Adieu Betty Crocker
Québec-Amérique
2003
161 pages.
Résumé: Arlette, que ses neveux surnommaient Betty Crocker, c'est la tante emblématique de nos enfances, celle qui préparait des carrés aux Rice Crispies et des sandwichs sans croûtes, celle qui savait écouter, celle que tout enfant des années soixantes aurait secrètement voulue comme mère.
Après le décès de sa tante, Benoît Fillion, spécialiste du management, mène une enquête discrète sur cette spécialiste du ménage. Il découvre qu'Arlette souffrait d'une étrange maladie, à la fois banale et déconcertante, et que c'est précisément cette maladie qui faisait d'elle une ménagère si parfaite, une femme si extraordinairement ordinaire.
"François Gravel sait raconter avec humour et émotion; il sait aussi trouver les mots pour nommer le plus simple, le plus habituel, et donner au quotidien apparemment le plus banal une dimension jusque-là insoupçonnée."
Mon avis: C'est la deuxième fois que je lis ce roman. Je l'avais lu lors de sa sortie et...cette semaine. Je l'aime toujours autant! et j'avais oublié une foule de petits détails! Un roman original à cause du sujet traité. L'Agoraphobie. L'histoire se passe à Boucherville dans un nouveau quartier de bungalows dans les années '60. D'ailleurs le lecteur se promène entre les années '60 lorsqu'il s'âgit de Tante Arlette et 2002 lorsque Benoît raconte. Tante Arlette ne sortira pas de sa cuisine durant 30 ans.
Au début Benoît, à mesure qu'il écrit son article, raconte à son épouse la vie de sa tante Arlette. Mais vers la fin du roman, c'est Tante Arlette qui prend la parole et elle va nous expliquer comment elle a vécu avec sa maladie. Rien de larmoyant. Elle se connaissait bien et s'acceptait comme telle. Un roman quand même touchant et tous ceux et celles qui ont souffert de cette maladie se retrouveront sûrement dans les propos d'Arlette.
Un extrait page 109...
Madame et le management, monsieur et le ménage
"Je ne détestais pas les tâches ménagères. (C'est Benoît qui raconte) La lessive, en particulier, me plaît bien.

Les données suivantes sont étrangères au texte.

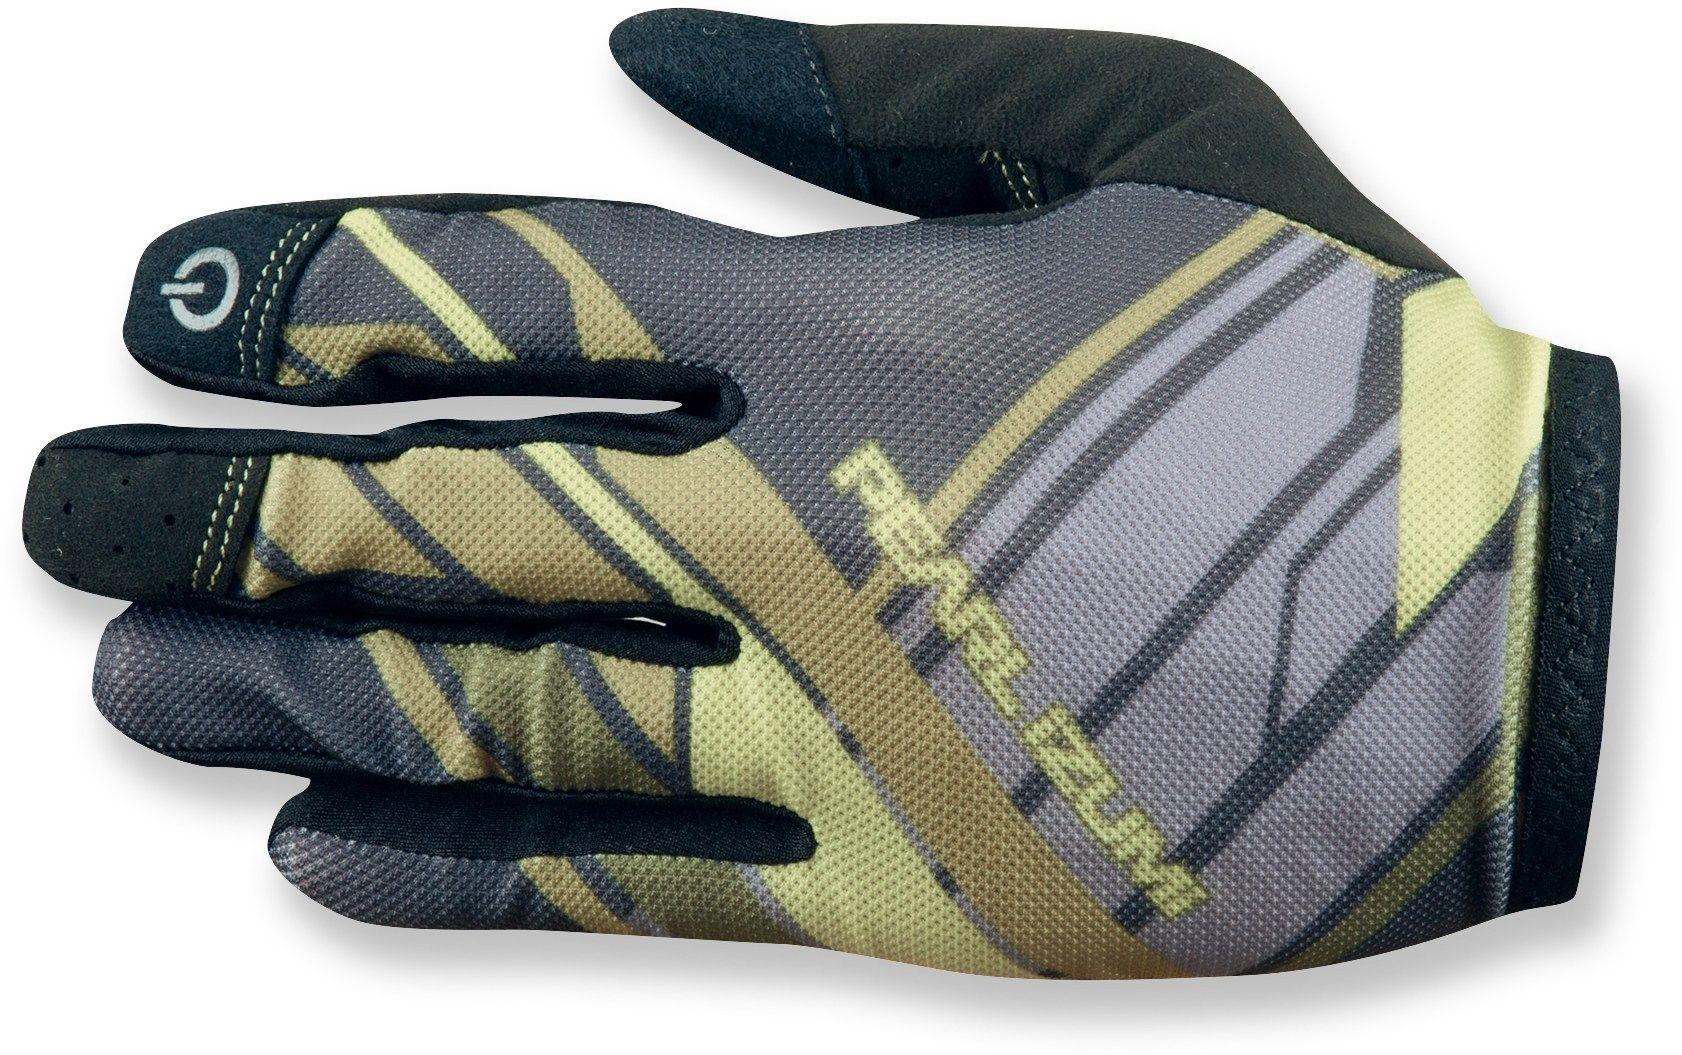 Pearl Izumi Male Divide Bike Gloves - Men's

Si on n'a rien d'autre à faire, ce n'est évidemment qu'une corvée insignifiante parmis d'autre, mais si on attend le moment propice - un article à écrire ou un cours à préparer, par exemple - , la corvée devient bénédiction. Le lavage n'est pas une affaire de linge sale, c'est une affaire d'humeur. Arlette serait d'accord avec moi, j'en suis sûr.
Choisir le cycle, mettre du savon à lessive, remplir la machine, refermer le couvercle, ça y est, je peux maintenant m'installer à mon ordinateur, ma prochaine récréation est déjà programmée: dans moins d'une heure, je devrai transférer les vêtements dans la sécheuse, et je bénéficierai d'une pause non seulement légitime mais utile. Monsieur est efficace. Aussi efficace que la ménagère qui sait utiliser les sains principes du management. "Ménage et management", voilà d'ailleurs le titre de mon article. Le ménage, c'est l'administration des choses domestiques, dit le dictionnaire. Pourquoi ne l'étudierait-on pas dans les écoles d'administration? Faire le ménage, c'est entretenir la maison, c'est créer de l'harmonie. Faire le ménage, c'est prendre soin de son entreprise, quelle qu'elle soit, et il n' a pas de petite entreprise, comme je le répète souvent à mes étudiants, pas plus qu'il n'y a pas de petit profit ni de petit bonheur."
C'est vraiment un bon livre plein d'humour et de réalisme!